Идти дальше было уже некуда и незачем.
У подошвы горы сверкала прохладой река, бежавшая по глубокому, будто нарочно, для большего комфорта, вырытому устью. Противоположный берег её, картинно разлинованный полосами красной, синей и белой глин, пестрел черными точками гнезд речных ласточек. За рекой узкой полосою тянулась степь, версты в три, а дальше опять плотным строем вставали холмы. На небе ни облачка, и воздушная разогретая синь колебалась над землей, позволяя разглядывать каждую пядь до редких, по краю холмов, черноствольных деревьев. Все было так спокойно, что нельзя было и подумать о том, что каждый миг по этой идиллии бесконечной лавиной могут хлынуть всадники, и все окрасится теплой кровью.
Он застыл, глядя в простор. Всюду было тихо. Только кузнечики звонко трещали, взлетая на воздух.

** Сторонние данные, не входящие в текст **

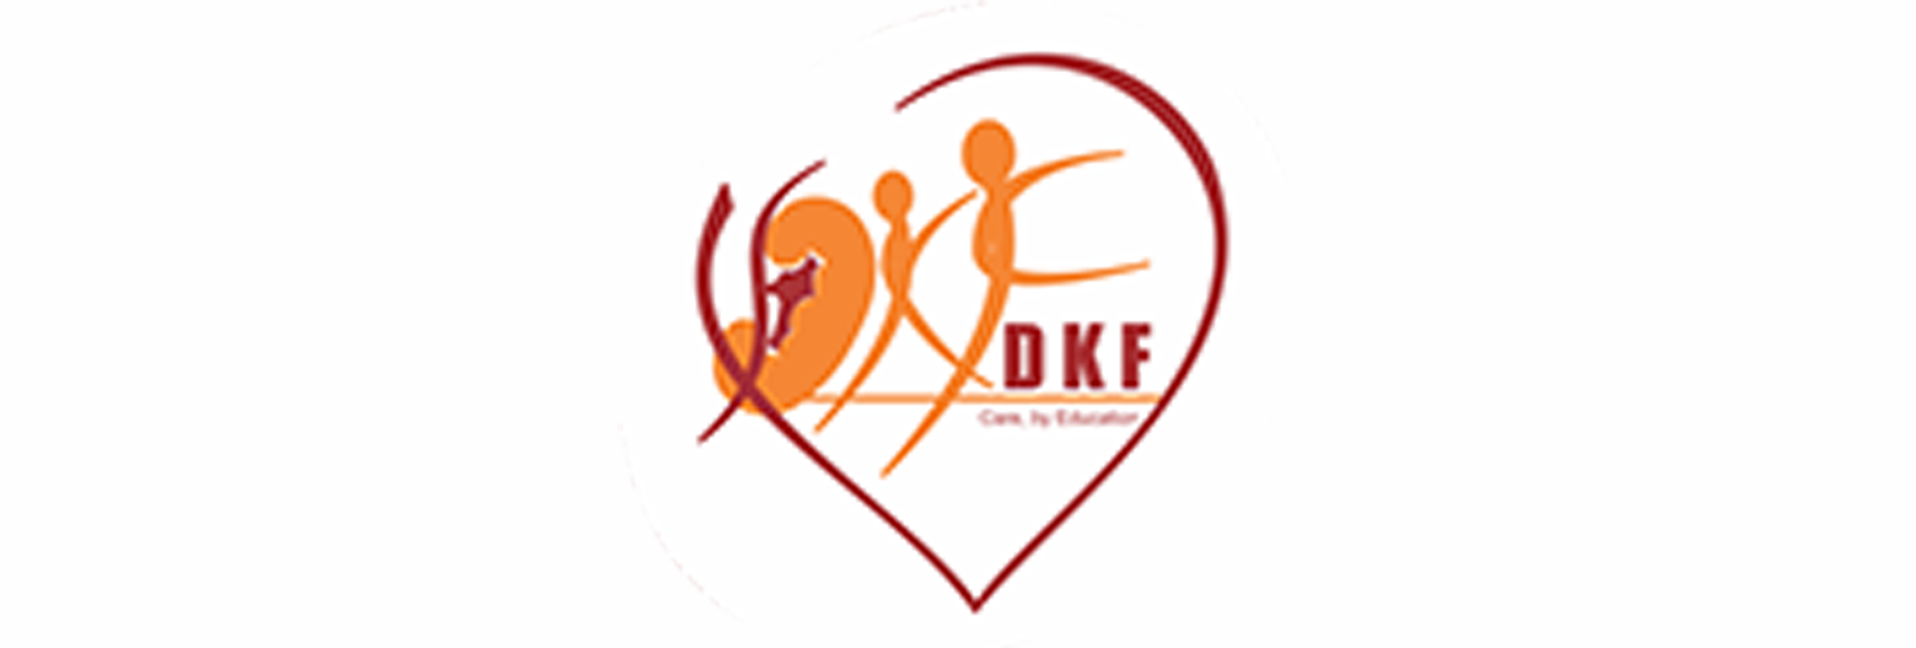 dkf-logo

Прячась от солнца, прилег под рваную тень черноствольного одинокого карагача, подмяв под себя успевшую высохнуть, но все еще душистую, упругую траву, прикрыл глаза.
Так жарко и так тихо… И не уходил бы отсюда. Лежал бы, никем не замеченный, пока не вытравилось, не исчезло из памяти все, о чем он никому бы не пожелал помнить…

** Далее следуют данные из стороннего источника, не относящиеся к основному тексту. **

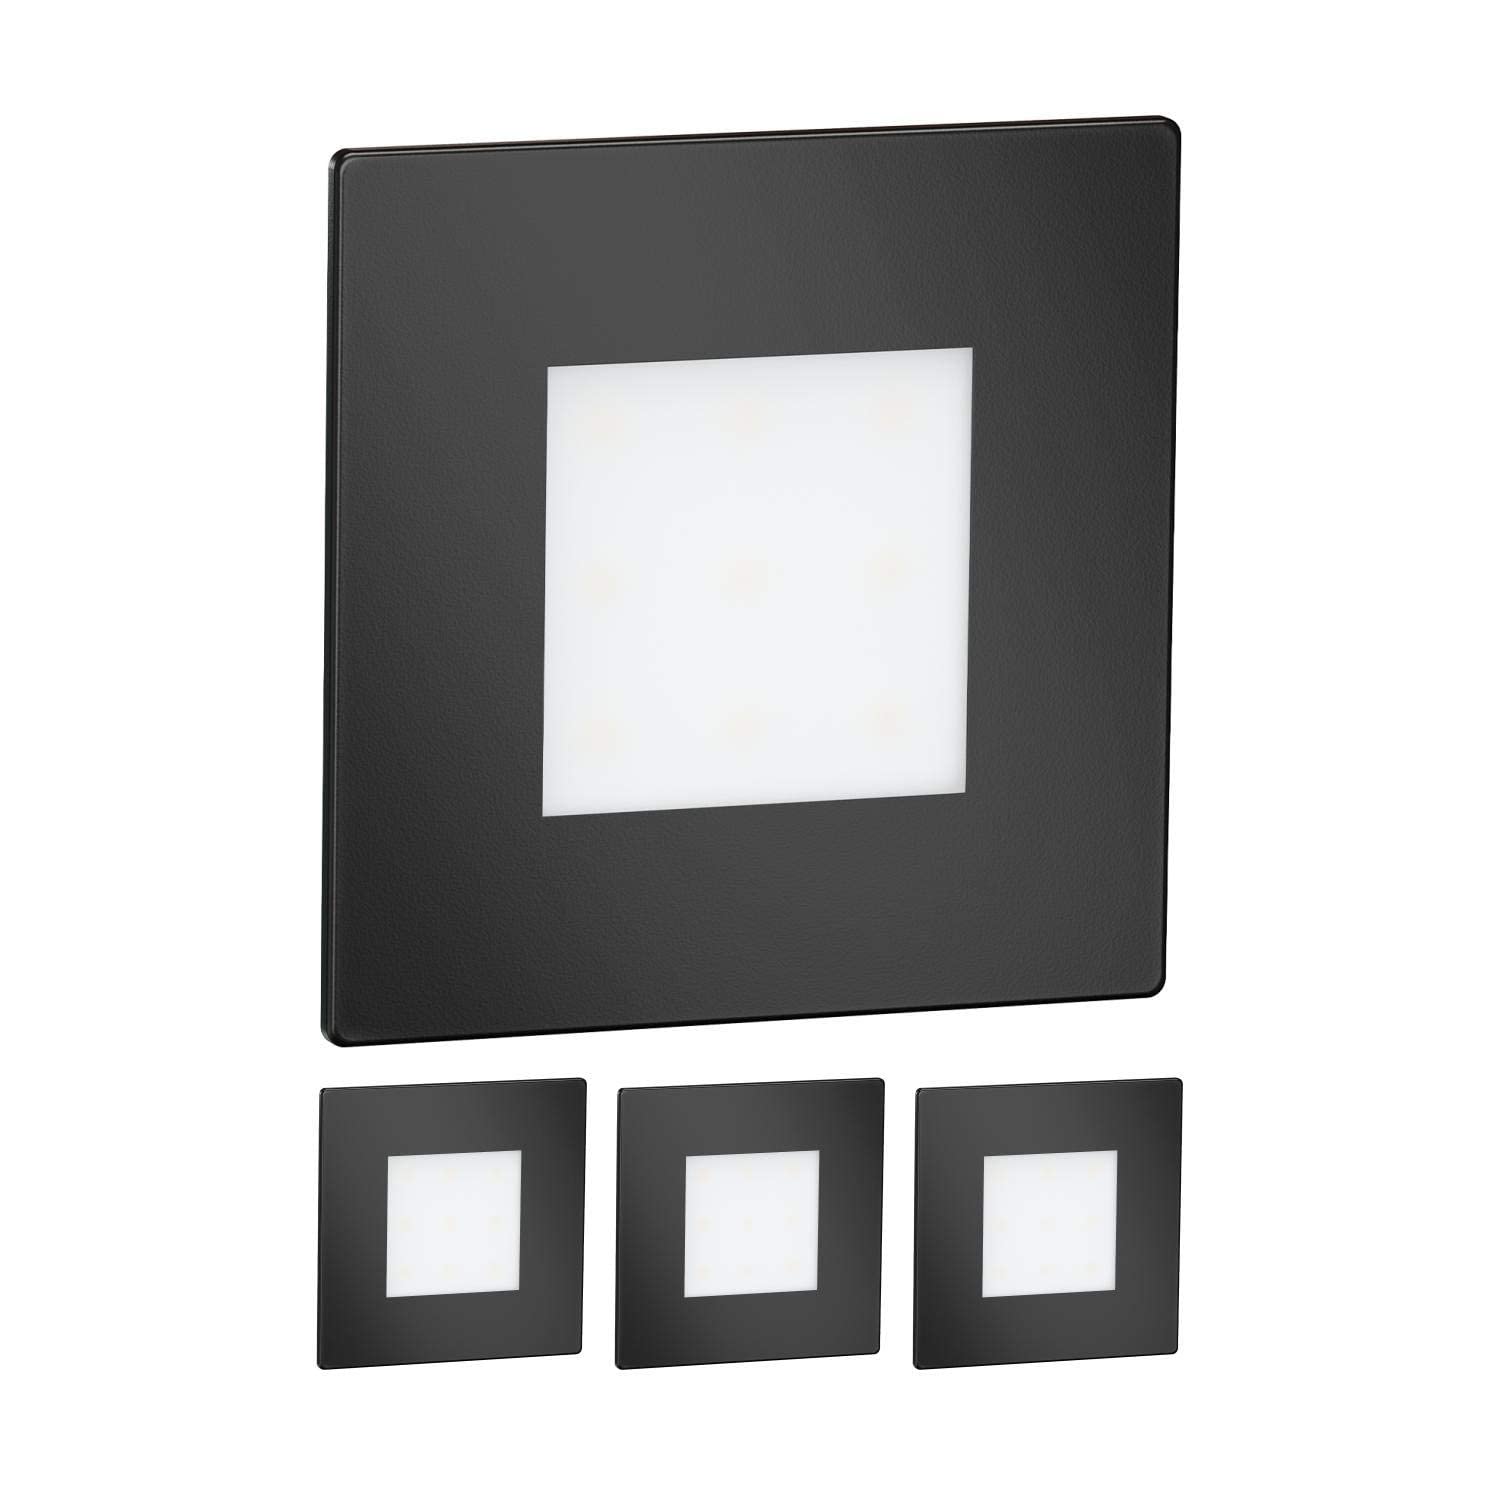 ledscom.de 4 Stück LED Treppenlicht/Wandeinbauleuchte FEX für innen und außen, eckig, schwarz, 85 x 85mm, kaltweiß

И вдруг послышался тихий, но явственный шорох, словно вражеский пластун подкрадывался к нему. Не открывая глаз и не осознавая размера опасности, по давней привычке фронтового человека, всякую минуту ожидавшего смерть, выбросил крепко сжатый для удара кулак.

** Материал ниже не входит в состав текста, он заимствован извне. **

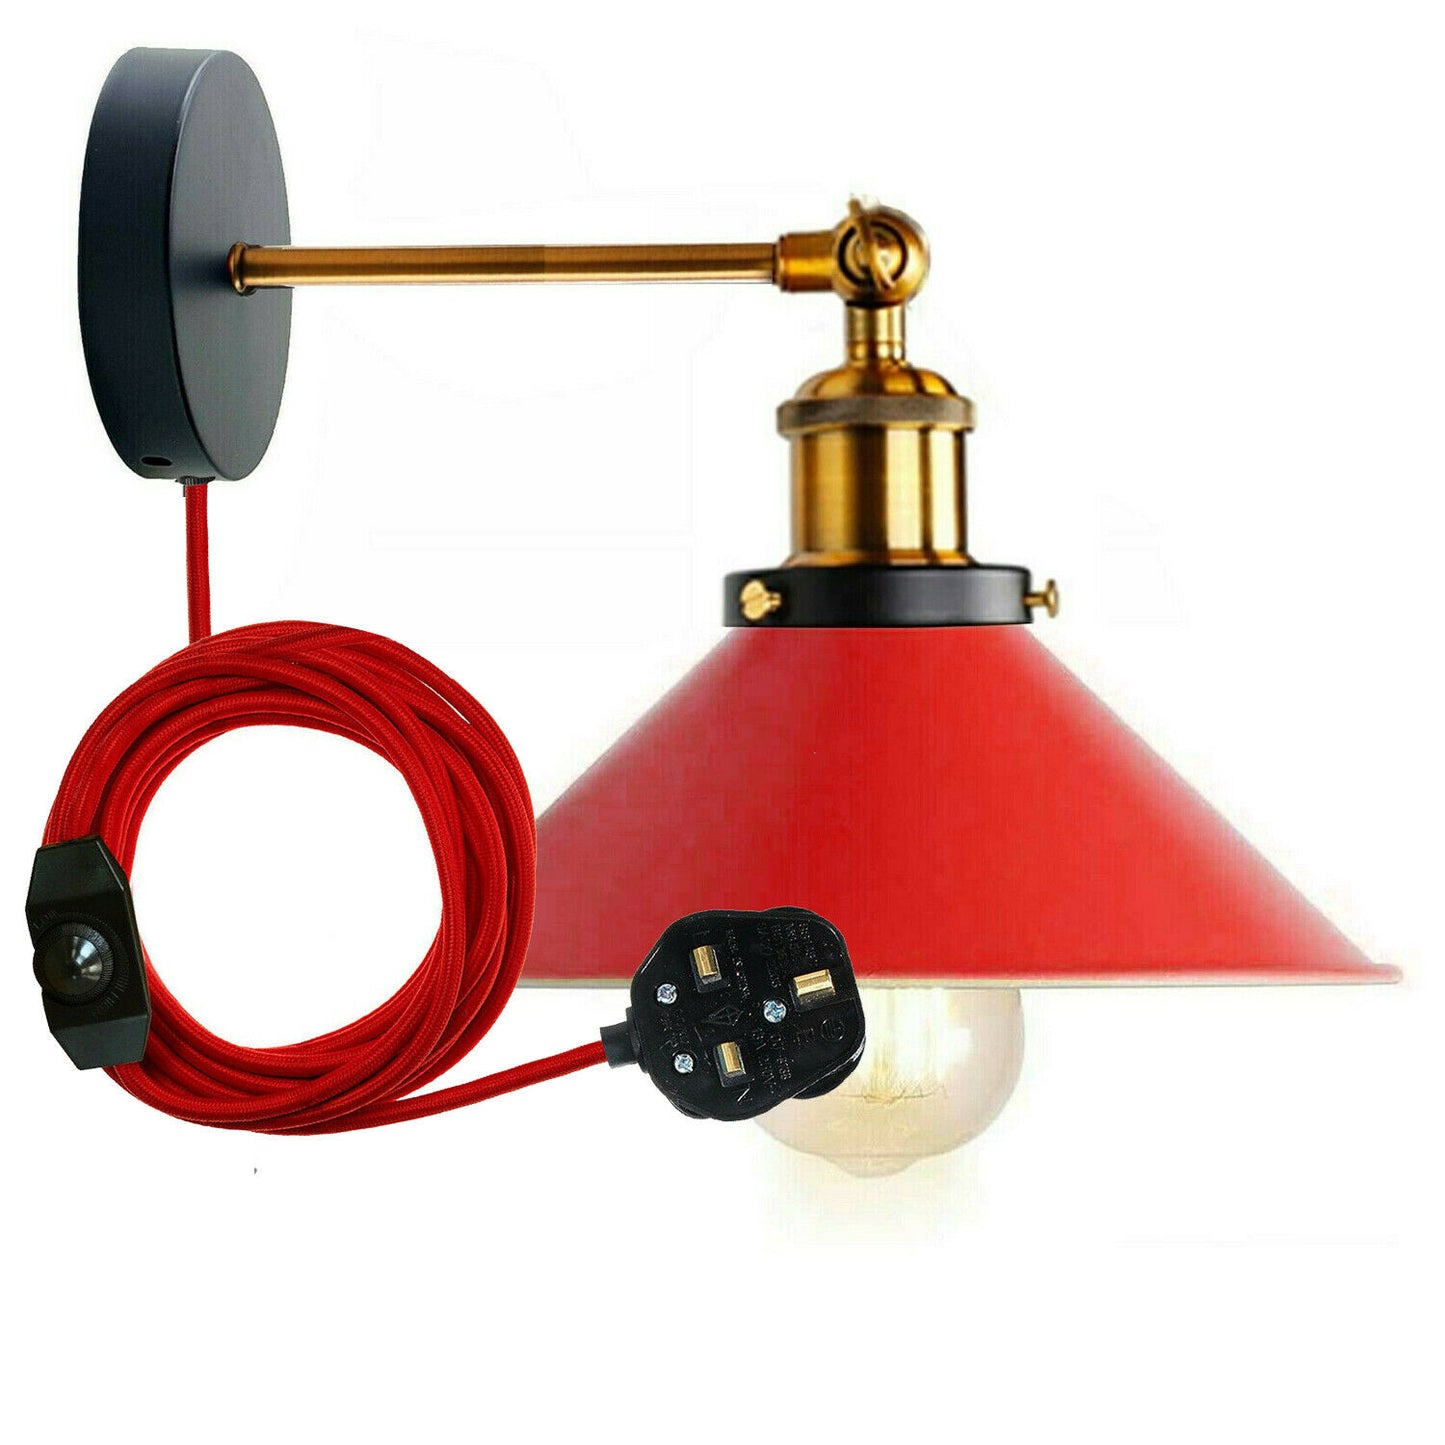  Plug in Wall Lamp

Отчаянный визг, так похожий на безысходный плач ребенка, оглушил его, вспугнул тишину. Маленький, с темным пятном по спине, щенок, мелькнув розовостью голого пуза, распластался от него шагах в трех.
Оглядывая его, дрожащего, с беззащитно повислыми ушами, чувствуя острую жалость и боясь напугать его резким движением, медленно подбирался к нему, приговаривая:
– Как же ты здесь? Как же ты?.. Экий ты, глупыш…
Щенок, перестав визжать, но готовый в любой момент к бегству, замер, оглядывая Дмитрия темными бусинами глаз. И лишь тот осторожно прикоснулся к его теплой от солнца вислоухой голове, тут же ткнулся в его ладонь, прерывисто, как ребенок после плача, вздохнув, словно нашел, наконец, надежное для себя укрытие.
Дмитрий обрадовался забытому в кармане сухарю, завернутому в замусолившийся от долгой носки клочок бумаги, разломил его на части и внимательно наблюдал, как жадно ел кутёнок, заботливо подставляя оброненные им крошки под черную пуговку носа.
Посадив найденыша за пазуху и звякая шашкой по камням, спустился к бившему у подножья горы роднику, жадно, словно в поцелуе, припал к нему, следя глазами за искрившимися золотыми блёстками бьющих из-под земли фонтанчиков, и долго пил по привычке на запас, ломивший зубы холод, не выпуская из виду щенка, так же как и Дмитрий, припавшего к роднику.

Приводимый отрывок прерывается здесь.